DIY Chess Engine Cloud

Introduction

This project contains a set of scripts and instructions to help run modern chess engines in virtual machines (VMs) on Google Compute Engine, and access them over the Internet from a chess GUI as if they were running on your local computer.

(Full disclosure: I work for Google Cloud, but this is a personal project which is not reviewed or endorsed by Google. The techniques illustrated in this repository could easily be adapted to other cloud providers.)

This is a sort of "do-it-yourself" version of "Cloud Engine" products such as ChessBase Engine Cloud or Chessify. The advantages of a DIY approach are:

  • It can cost less, especially for short periods of use, because you only pay the cost of running the VMs on the cloud provider. Modern cloud providers usually provide very fine-grained billing, even down to the second, so you only pay for exactly what you use.
    • For example, at the time of writing (May 2022), you can get a 64-core n2-standard-64 VM in the europe-west1 region, capable of running Stockfish 15 at over 60 MNPS, for approximately US$2.74 per hour.
  • You get a very wide choice of chess GUI (and the operating system etc). Some paid cloud engine providers can only be accessed using the vendor's proprietary UIs.
  • You get full control over the software and (virtual) hardware: you can choose a location for the VMs close to you to minimise latency, what VM type you use (how many CPU cores, what type of CPU etc), what version of the chess software you run etc.
  • It is an opportunity to learn more about cloud infrastructure, chess software, and potentially other technical topics.

The disadvantages compared to a paid Cloud Engine product are:

  • A greater degree of technical expertise is required. This project is designed to reduce that somewhat, but you still need to make a number of decisions that require a degree of understanding, and install and use software on your computer that is normally only used by developers.
  • You don't get the kind of hosted web UI, mobile app or other features a cloud engine provider might have.
  • You won't get the kind of customer support you would get from a dedicated provider.
  • The pricing model of cloud providers is more complex, and once you start using billable resources, stopping typically requires explicit action on your part (such as deleting the VM). This leads to a greater risk you will make a mistake (such as forgetting to delete a VM after you have finished with it) and spend more than you intended. See disclaimer below.

Disclaimer

This is Apache-licensed software and thus comes with no warranty of any kind. It is your responsibility to understand how Google Compute Engine pricing works before you start, to understand what these scripts do before running them, to make sure you stop consuming billable resources after you no longer need them, and to use cost management tools like budgets to avoid accidentally spending more than you intended.

Why?

Computer hardware and chess software have advanced to the point where even a mobile phone, or an engine compiled to JavaScript and run in a web browser such as the Stockfish version used in the Lichess analysis tool, is far stronger than any human. For casual users, for example wanting to run a quick check on their games to find out where the key turning points were, these are quite sufficient.
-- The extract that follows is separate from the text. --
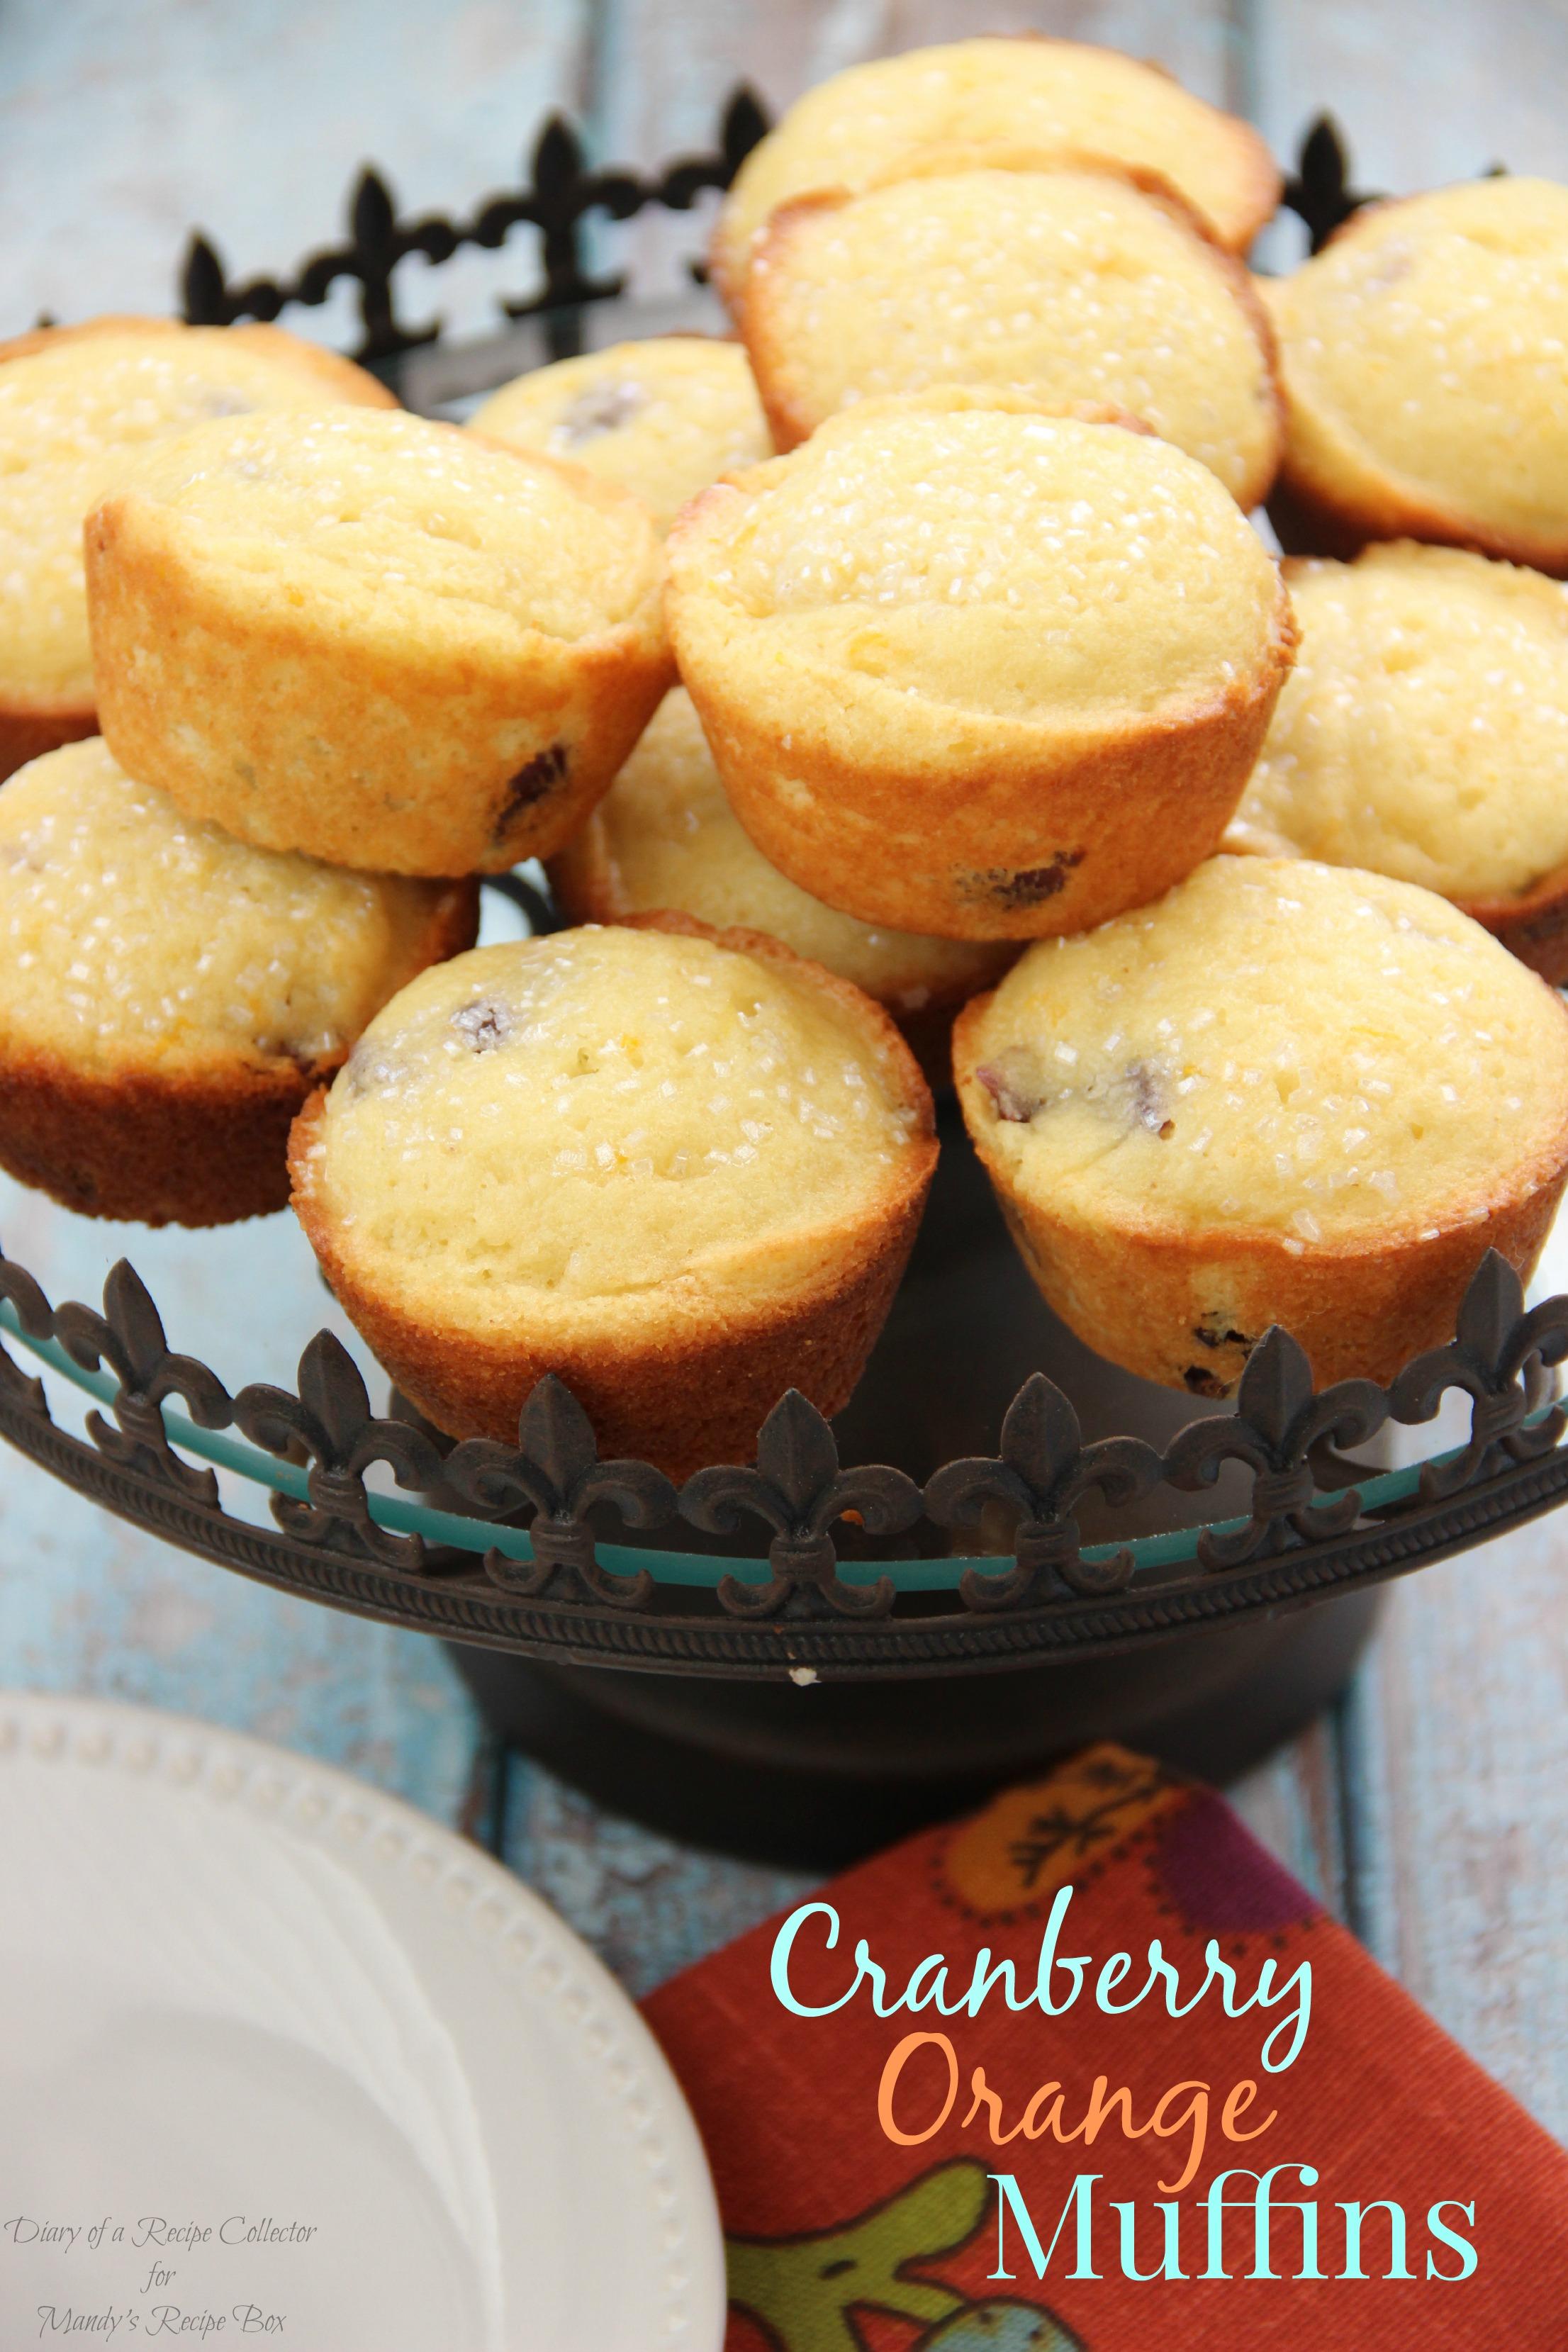 Cranberry Orange Muffins | Mandy's Recipe Box

However, there is still a big gap in strength today between an engine like that and an engine run optimally on the most powerful hardware currently available. If run natively on a high-spec modern server, an engine can make use of multiple processor cores to analyse much deeper much quicker.

Chess is not such a trivial game that you can just run any old engine on any position for a few seconds and get a perfect answer. There is a reason why professional chess players rely on these more powerful engine setups for serious analysis: anyone who has had the experience of seeing a slower engine change its mind (for example after thinking for a while, or after you have played a few moves down its main line) will have a sense of what that reason is. There is also a reason why the Top Computer Engine Championship (TCEC) uses high-end servers; any browser-based chess engine entered into that competition would be utterly crushed.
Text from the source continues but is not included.